Rafael, María Teresa y el exilio

Estoy cansada de no saber dónde morirme. Esa es la mayor tristeza del emigrado. ¿Qué tenemos que ver nosotros con los cementerios de los países donde vivimos?

María Teresa León

 

Hay quien dice que las redes sociales están sustituyendo a los medios de comunicación como fuente de información habitual. Sin embargo, la mayoría de esas informaciones en las redes nos remiten a medios de comunicación convencionales, con los cuales nos enlazan para leer la noticia detenidamente.

En otros casos, sin embargo, a través de esas redes nos enteramos de cosas que no merecen tratamiento, o como mucho un tratamiento muy escueto en las páginas de los periódicos, las radios, o los informativos televisivos. Así me ha ocurrido, cuando un amigo cuelga, en una de esas redes, un fragmento de  poema de Rafael  Alberti y recuerda que nació en el Puerto de Santa María en 1902, hace 115 años.

Me encanta que alguien conocido, o no, amigo o enemigo, me saque de la rutinaria sucesión de acontecimientos a los que me veo obligado a prestar atención a lo largo del día. Y éste es un acontecimiento de los que caen en mitad de la laguna de la memoria y crea ondas superficiales y hacia el interior.

No da para menos ese porteño, por nacer en el Puerto y por haber pasado aún más tiempo de su vida, 23 años, en Buenos Aires, donde nació su hija Aitana. Allí es donde Alberti veía venir volando un mapa de España que las nubes traían hasta el Paraná. Qué fuentes de inspiración no bebería Alberti en el Rio de la Plata, qué sonidos no escucharía, qué luminosos colores no llenarían sus ojos, qué olores, qué caricias. Hay quien pensará qué maravillosa la vida de este Alberti que luego terminó siendo romano.

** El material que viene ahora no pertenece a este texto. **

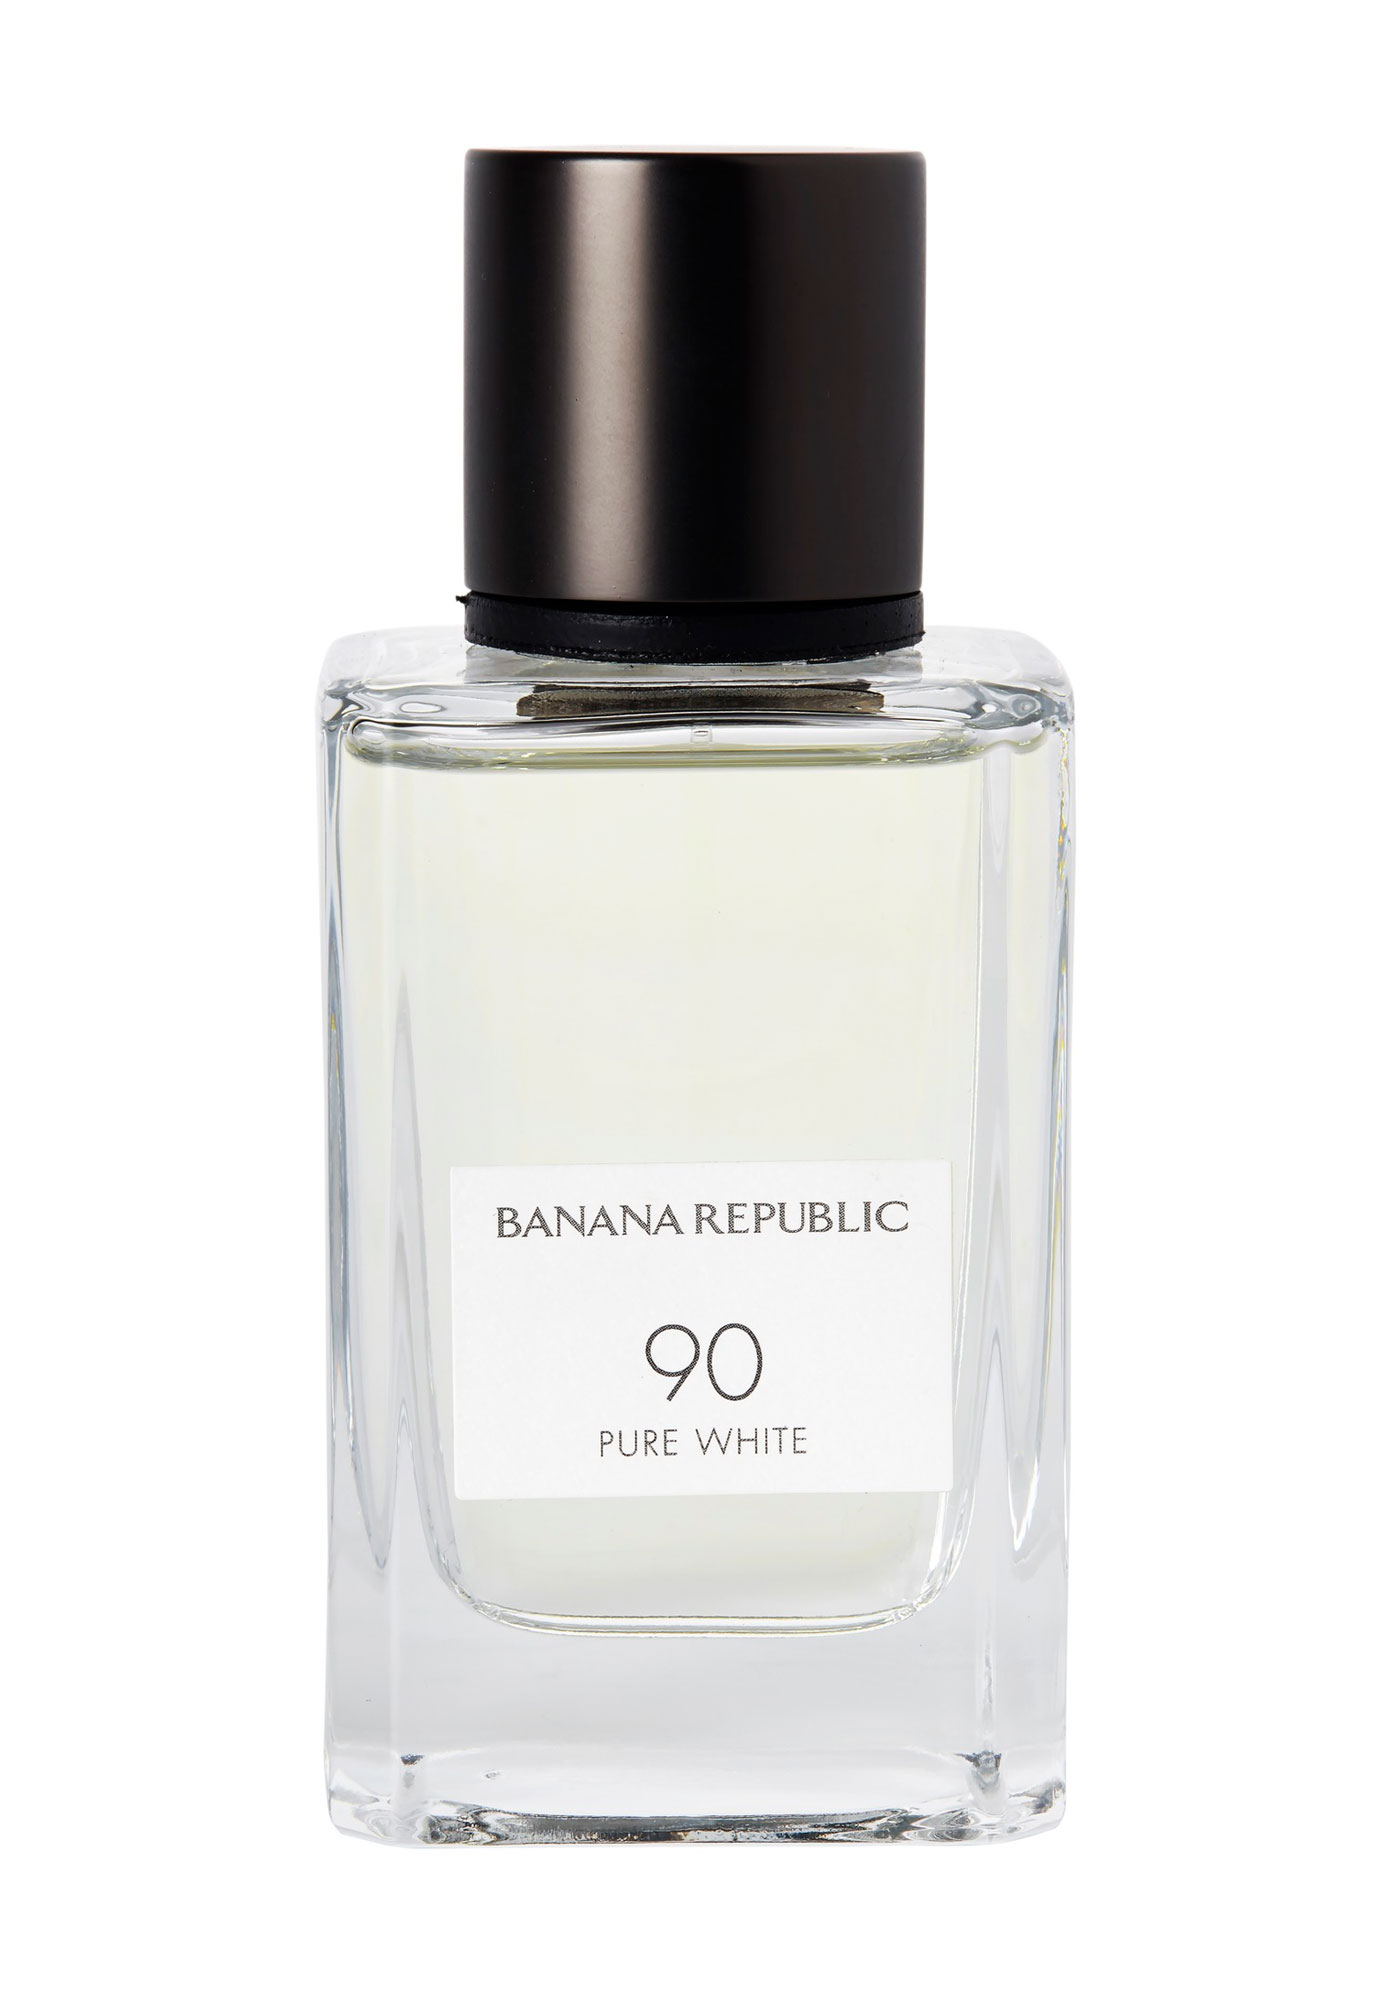 90 Pure White Banana Republic perfume - a new fragrance for women and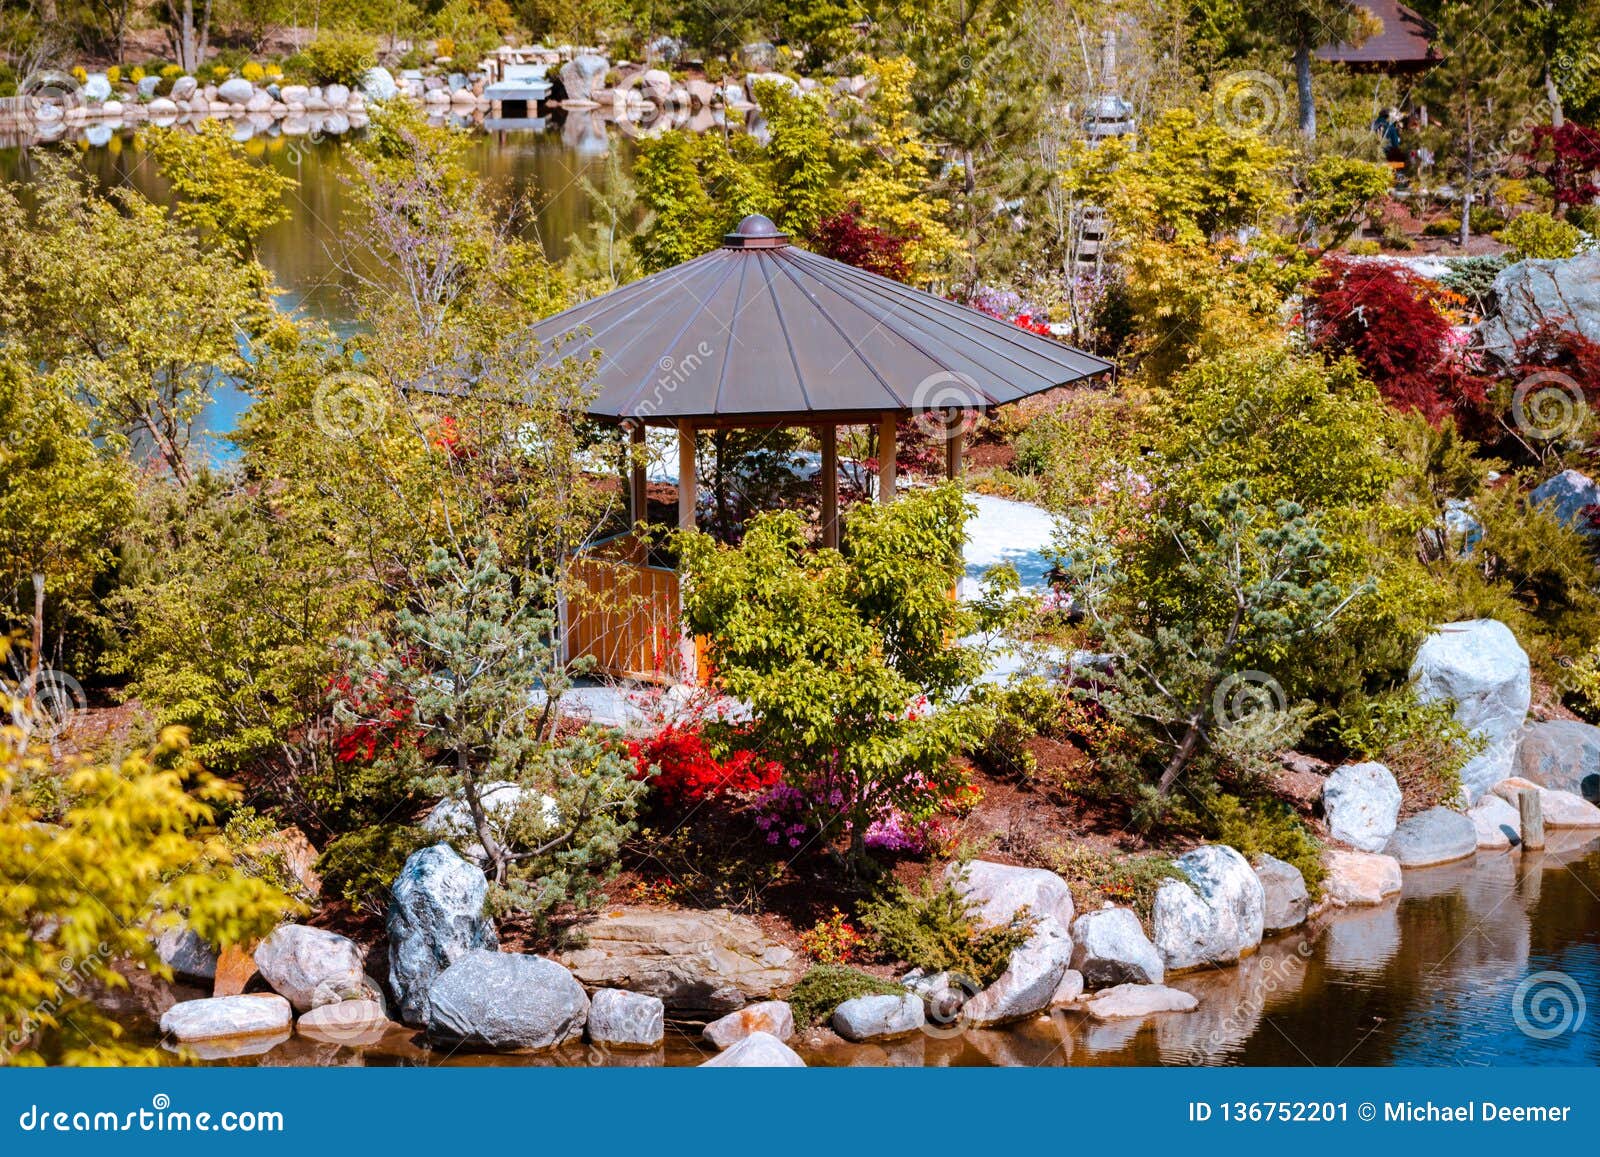 Quiet Gazebo Set In The Middle Of A Blooming Japanese Garden At

Y es, en parte, verdad. Cómo negarlo. La riqueza de los versos de Alberti se nutre de Baladas del Paraná, de la Punta del Este, de los peligros que acechan al caminante en Roma, o de las canciones del Alto Valle de Aniene. Sin embargo, el precio pagado por cualquier emigrante forzoso, por razones económicas, políticas, o de otro tipo, por cualquier exiliado, es siempre demasiado alto.

Basta escuchar a la mujer que le acompañó durante todos estos años de exilio, María Teresa León, Nosotros hemos ido perdiendo siempre nuestras eternidades, dejándolas atrás a lo largo de nuestra vida, siempre con los zapatos puestos para echarnos a andar.

Desde la lejanía de sus eternidades perdidas y la dentellada de sus soledades, a orillas del Paraná o, ya más cerca de España, en su casa del Trastévere, cerca del Tíber, María Teresa, (cuya obra sigue siendo la gran desconocida de la Generación del 27, sin que casi nadie haga gran cosa por recuperarla), vuelve a decirnos que memoria del exilio es la de quien dejó atrás la destrucción de la guerra como la única patria, el último paraíso desolador tras la muerte de las ilusiones y las esperanzas.

¿No comprendéis? Nosotros somos aquellos que miraron sus pensamientos uno por uno durante treinta años. Durante treinta años suspiramos por nuestro paraiso perdido, un paraíso nuestro, único, especial. Un paraíso de casas rotas y techos desplomados. Un paraíso de calles desiertas, de muertos sin enterrar. Un paraíso de muros derruidos, de torres caídas y campos devastados (…) Podéis quedaros con todo lo que pusisteis encima. Nosotros somos los desterrados de España (…) Dejadnos las ruinas. Debemos comenzar desde las ruinas. Llegaremos.

María Teresa descansa en el cementerio de Majadahonda, tras su duro combate contra el Alzheimer, sin que pudiera concluir su Memoria de la Melancolía. Las cenizas de Rafael, marinero en tierra, navegan por fin en la bahía de Cádiz.

Agradezco a ese conocido que me haya traído por las nubes un recuerdo de España. La memoria del exilio de allende y del exilio interior, que me ha permitido reconstruir viejos y nuevos recuerdos, aunque me hagan sentir el tonto de Rafael, en una patria madrastra que vive una amnesia premeditada, una conjura del olvido, una demencia sin edad, que no parece enfermedad, sino proyecto de país.